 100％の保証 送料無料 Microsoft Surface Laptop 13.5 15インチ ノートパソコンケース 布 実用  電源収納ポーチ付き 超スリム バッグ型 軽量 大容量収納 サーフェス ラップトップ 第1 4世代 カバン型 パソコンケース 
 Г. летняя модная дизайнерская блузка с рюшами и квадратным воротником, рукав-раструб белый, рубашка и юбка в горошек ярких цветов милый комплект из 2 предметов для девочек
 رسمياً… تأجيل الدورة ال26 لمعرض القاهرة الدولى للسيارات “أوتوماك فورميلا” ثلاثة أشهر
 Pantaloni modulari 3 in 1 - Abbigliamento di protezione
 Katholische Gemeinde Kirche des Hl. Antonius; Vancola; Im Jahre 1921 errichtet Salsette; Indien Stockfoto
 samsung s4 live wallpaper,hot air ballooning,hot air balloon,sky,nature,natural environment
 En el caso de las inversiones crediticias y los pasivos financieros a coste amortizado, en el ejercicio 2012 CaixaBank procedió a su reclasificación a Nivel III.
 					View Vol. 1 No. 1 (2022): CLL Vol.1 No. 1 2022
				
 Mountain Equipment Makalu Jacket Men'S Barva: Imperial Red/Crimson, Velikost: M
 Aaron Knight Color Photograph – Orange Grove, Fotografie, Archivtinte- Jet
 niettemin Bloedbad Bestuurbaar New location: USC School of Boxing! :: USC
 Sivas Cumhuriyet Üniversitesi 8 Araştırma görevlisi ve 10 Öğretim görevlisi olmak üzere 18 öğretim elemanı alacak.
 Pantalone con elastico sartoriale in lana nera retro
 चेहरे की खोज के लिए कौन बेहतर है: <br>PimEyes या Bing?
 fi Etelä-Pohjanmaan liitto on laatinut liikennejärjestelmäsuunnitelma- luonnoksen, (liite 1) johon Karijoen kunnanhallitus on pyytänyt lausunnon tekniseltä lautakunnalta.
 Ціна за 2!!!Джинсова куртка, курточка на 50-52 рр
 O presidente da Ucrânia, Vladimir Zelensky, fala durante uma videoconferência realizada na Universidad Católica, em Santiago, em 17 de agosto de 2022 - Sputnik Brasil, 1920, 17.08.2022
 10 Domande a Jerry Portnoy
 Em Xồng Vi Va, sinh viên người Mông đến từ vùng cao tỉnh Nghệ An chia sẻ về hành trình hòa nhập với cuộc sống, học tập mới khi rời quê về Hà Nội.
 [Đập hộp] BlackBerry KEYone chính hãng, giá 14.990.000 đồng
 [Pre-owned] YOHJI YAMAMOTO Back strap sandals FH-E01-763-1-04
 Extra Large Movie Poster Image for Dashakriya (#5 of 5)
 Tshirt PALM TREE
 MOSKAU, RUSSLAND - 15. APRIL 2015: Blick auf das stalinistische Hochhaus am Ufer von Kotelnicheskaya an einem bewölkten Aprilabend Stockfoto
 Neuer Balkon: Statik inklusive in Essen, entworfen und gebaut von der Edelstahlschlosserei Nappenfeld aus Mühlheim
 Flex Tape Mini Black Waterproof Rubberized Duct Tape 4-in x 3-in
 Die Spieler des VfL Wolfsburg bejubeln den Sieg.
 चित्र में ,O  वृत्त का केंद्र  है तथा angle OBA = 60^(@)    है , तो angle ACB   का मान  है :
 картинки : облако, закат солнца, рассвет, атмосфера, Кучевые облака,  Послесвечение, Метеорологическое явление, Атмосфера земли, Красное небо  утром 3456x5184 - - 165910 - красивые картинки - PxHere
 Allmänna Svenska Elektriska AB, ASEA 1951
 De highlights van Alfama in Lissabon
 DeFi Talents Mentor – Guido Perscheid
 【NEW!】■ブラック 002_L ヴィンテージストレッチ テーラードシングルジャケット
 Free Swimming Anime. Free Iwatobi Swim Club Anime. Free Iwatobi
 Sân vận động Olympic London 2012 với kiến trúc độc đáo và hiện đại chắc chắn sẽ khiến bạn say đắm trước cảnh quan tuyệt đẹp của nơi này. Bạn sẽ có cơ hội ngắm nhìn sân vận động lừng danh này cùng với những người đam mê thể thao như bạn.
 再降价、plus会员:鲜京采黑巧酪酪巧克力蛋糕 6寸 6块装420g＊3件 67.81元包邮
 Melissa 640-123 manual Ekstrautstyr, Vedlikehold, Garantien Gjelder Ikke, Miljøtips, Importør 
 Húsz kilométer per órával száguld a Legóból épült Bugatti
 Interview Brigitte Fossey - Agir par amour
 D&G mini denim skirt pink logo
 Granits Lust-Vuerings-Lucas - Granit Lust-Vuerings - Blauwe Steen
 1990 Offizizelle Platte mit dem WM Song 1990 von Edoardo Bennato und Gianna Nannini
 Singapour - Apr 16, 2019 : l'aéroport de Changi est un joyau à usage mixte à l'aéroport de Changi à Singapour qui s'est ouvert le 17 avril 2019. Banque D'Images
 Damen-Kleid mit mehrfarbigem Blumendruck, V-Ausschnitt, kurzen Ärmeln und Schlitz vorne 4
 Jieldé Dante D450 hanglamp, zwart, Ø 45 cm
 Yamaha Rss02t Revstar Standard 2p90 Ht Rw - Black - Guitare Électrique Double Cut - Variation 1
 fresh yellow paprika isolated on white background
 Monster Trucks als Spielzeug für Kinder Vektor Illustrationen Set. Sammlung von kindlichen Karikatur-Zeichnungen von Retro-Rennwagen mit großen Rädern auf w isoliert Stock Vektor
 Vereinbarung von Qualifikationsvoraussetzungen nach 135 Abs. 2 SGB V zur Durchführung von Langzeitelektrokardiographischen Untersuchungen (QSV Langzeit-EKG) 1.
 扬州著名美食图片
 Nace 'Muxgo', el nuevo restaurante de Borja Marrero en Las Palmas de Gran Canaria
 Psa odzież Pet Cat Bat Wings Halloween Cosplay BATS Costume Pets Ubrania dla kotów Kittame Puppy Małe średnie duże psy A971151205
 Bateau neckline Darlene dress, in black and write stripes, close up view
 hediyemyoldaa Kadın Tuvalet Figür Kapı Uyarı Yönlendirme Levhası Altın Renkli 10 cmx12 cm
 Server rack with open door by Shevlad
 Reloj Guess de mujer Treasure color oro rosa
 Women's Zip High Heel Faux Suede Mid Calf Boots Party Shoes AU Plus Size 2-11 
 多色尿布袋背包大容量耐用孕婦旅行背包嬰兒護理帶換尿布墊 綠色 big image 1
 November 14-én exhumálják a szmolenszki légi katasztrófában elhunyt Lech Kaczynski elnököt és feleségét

■ **Your assignment**
The answer must restate each entry word for word.

■ **Answer for this exercise**
 100％の保証 送料無料 Microsoft Surface Laptop 13.5 15インチ ノートパソコンケース 布 実用  電源収納ポーチ付き 超スリム バッグ型 軽量 大容量収納 サーフェス ラップトップ 第1 4世代 カバン型 パソコンケース 
 Г. летняя модная дизайнерская блузка с рюшами и квадратным воротником, рукав-раструб белый, рубашка и юбка в горошек ярких цветов милый комплект из 2 предметов для девочек
 رسمياً… تأجيل الدورة ال26 لمعرض القاهرة الدولى للسيارات “أوتوماك فورميلا” ثلاثة أشهر
 Pantaloni modulari 3 in 1 - Abbigliamento di protezione
 Katholische Gemeinde Kirche des Hl. Antonius; Vancola; Im Jahre 1921 errichtet Salsette; Indien Stockfoto
 samsung s4 live wallpaper,hot air ballooning,hot air balloon,sky,nature,natural environment
 En el caso de las inversiones crediticias y los pasivos financieros a coste amortizado, en el ejercicio 2012 CaixaBank procedió a su reclasificación a Nivel III.
 					View Vol. 1 No. 1 (2022): CLL Vol.1 No. 1 2022
				
 Mountain Equipment Makalu Jacket Men'S Barva: Imperial Red/Crimson, Velikost: M
 Aaron Knight Color Photograph – Orange Grove, Fotografie, Archivtinte- Jet
 niettemin Bloedbad Bestuurbaar New location: USC School of Boxing! :: USC
 Sivas Cumhuriyet Üniversitesi 8 Araştırma görevlisi ve 10 Öğretim görevlisi olmak üzere 18 öğretim elemanı alacak.
 Pantalone con elastico sartoriale in lana nera retro
 चेहरे की खोज के लिए कौन बेहतर है: <br>PimEyes या Bing?
 fi Etelä-Pohjanmaan liitto on laatinut liikennejärjestelmäsuunnitelma- luonnoksen, (liite 1) johon Karijoen kunnanhallitus on pyytänyt lausunnon tekniseltä lautakunnalta.
 Ціна за 2!!!Джинсова куртка, курточка на 50-52 рр
 O presidente da Ucrânia, Vladimir Zelensky, fala durante uma videoconferência realizada na Universidad Católica, em Santiago, em 17 de agosto de 2022 - Sputnik Brasil, 1920, 17.08.2022
 10 Domande a Jerry Portnoy
 Em Xồng Vi Va, sinh viên người Mông đến từ vùng cao tỉnh Nghệ An chia sẻ về hành trình hòa nhập với cuộc sống, học tập mới khi rời quê về Hà Nội.
 [Đập hộp] BlackBerry KEYone chính hãng, giá 14.990.000 đồng
 [Pre-owned] YOHJI YAMAMOTO Back strap sandals FH-E01-763-1-04
 Extra Large Movie Poster Image for Dashakriya (#5 of 5)
 Tshirt PALM TREE
 MOSKAU, RUSSLAND - 15. APRIL 2015: Blick auf das stalinistische Hochhaus am Ufer von Kotelnicheskaya an einem bewölkten Aprilabend Stockfoto
 Neuer Balkon: Statik inklusive in Essen, entworfen und gebaut von der Edelstahlschlosserei Nappenfeld aus Mühlheim
 Flex Tape Mini Black Waterproof Rubberized Duct Tape 4-in x 3-in
 Die Spieler des VfL Wolfsburg bejubeln den Sieg.
 चित्र में ,O  वृत्त का केंद्र  है तथा angle OBA = 60^(@)    है , तो angle ACB   का मान  है :
 картинки : облако, закат солнца, рассвет, атмосфера, Кучевые облака,  Послесвечение, Метеорологическое явление, Атмосфера земли, Красное небо  утром 3456x5184 - - 165910 - красивые картинки - PxHere
 Allmänna Svenska Elektriska AB, ASEA 1951
 De highlights van Alfama in Lissabon
 DeFi Talents Mentor – Guido Perscheid
 【NEW!】■ブラック 002_L ヴィンテージストレッチ テーラードシングルジャケット
 Free Swimming Anime. Free Iwatobi Swim Club Anime. Free Iwatobi
 Sân vận động Olympic London 2012 với kiến trúc độc đáo và hiện đại chắc chắn sẽ khiến bạn say đắm trước cảnh quan tuyệt đẹp của nơi này. Bạn sẽ có cơ hội ngắm nhìn sân vận động lừng danh này cùng với những người đam mê thể thao như bạn.
 再降价、plus会员:鲜京采黑巧酪酪巧克力蛋糕 6寸 6块装420g＊3件 67.81元包邮
 Melissa 640-123 manual Ekstrautstyr, Vedlikehold, Garantien Gjelder Ikke, Miljøtips, Importør 
 Húsz kilométer per órával száguld a Legóból épült Bugatti
 Interview Brigitte Fossey - Agir par amour
 D&G mini denim skirt pink logo
 Granits Lust-Vuerings-Lucas - Granit Lust-Vuerings - Blauwe Steen
 1990 Offizizelle Platte mit dem WM Song 1990 von Edoardo Bennato und Gianna Nannini
 Singapour - Apr 16, 2019 : l'aéroport de Changi est un joyau à usage mixte à l'aéroport de Changi à Singapour qui s'est ouvert le 17 avril 2019. Banque D'Images
 Damen-Kleid mit mehrfarbigem Blumendruck, V-Ausschnitt, kurzen Ärmeln und Schlitz vorne 4
 Jieldé Dante D450 hanglamp, zwart, Ø 45 cm
 Yamaha Rss02t Revstar Standard 2p90 Ht Rw - Black - Guitare Électrique Double Cut - Variation 1
 fresh yellow paprika isolated on white background
 Monster Trucks als Spielzeug für Kinder Vektor Illustrationen Set. Sammlung von kindlichen Karikatur-Zeichnungen von Retro-Rennwagen mit großen Rädern auf w isoliert Stock Vektor
 Vereinbarung von Qualifikationsvoraussetzungen nach 135 Abs. 2 SGB V zur Durchführung von Langzeitelektrokardiographischen Untersuchungen (QSV Langzeit-EKG) 1.
 扬州著名美食图片
 Nace 'Muxgo', el nuevo restaurante de Borja Marrero en Las Palmas de Gran Canaria
 Psa odzież Pet Cat Bat Wings Halloween Cosplay BATS Costume Pets Ubrania dla kotów Kittame Puppy Małe średnie duże psy A971151205
 Bateau neckline Darlene dress, in black and write stripes, close up view
 hediyemyoldaa Kadın Tuvalet Figür Kapı Uyarı Yönlendirme Levhası Altın Renkli 10 cmx12 cm
 Server rack with open door by Shevlad
 Reloj Guess de mujer Treasure color oro rosa
 Women's Zip High Heel Faux Suede Mid Calf Boots Party Shoes AU Plus Size 2-11 
 多色尿布袋背包大容量耐用孕婦旅行背包嬰兒護理帶換尿布墊 綠色 big image 1
 November 14-én exhumálják a szmolenszki légi katasztrófában elhunyt Lech Kaczynski elnököt és feleségét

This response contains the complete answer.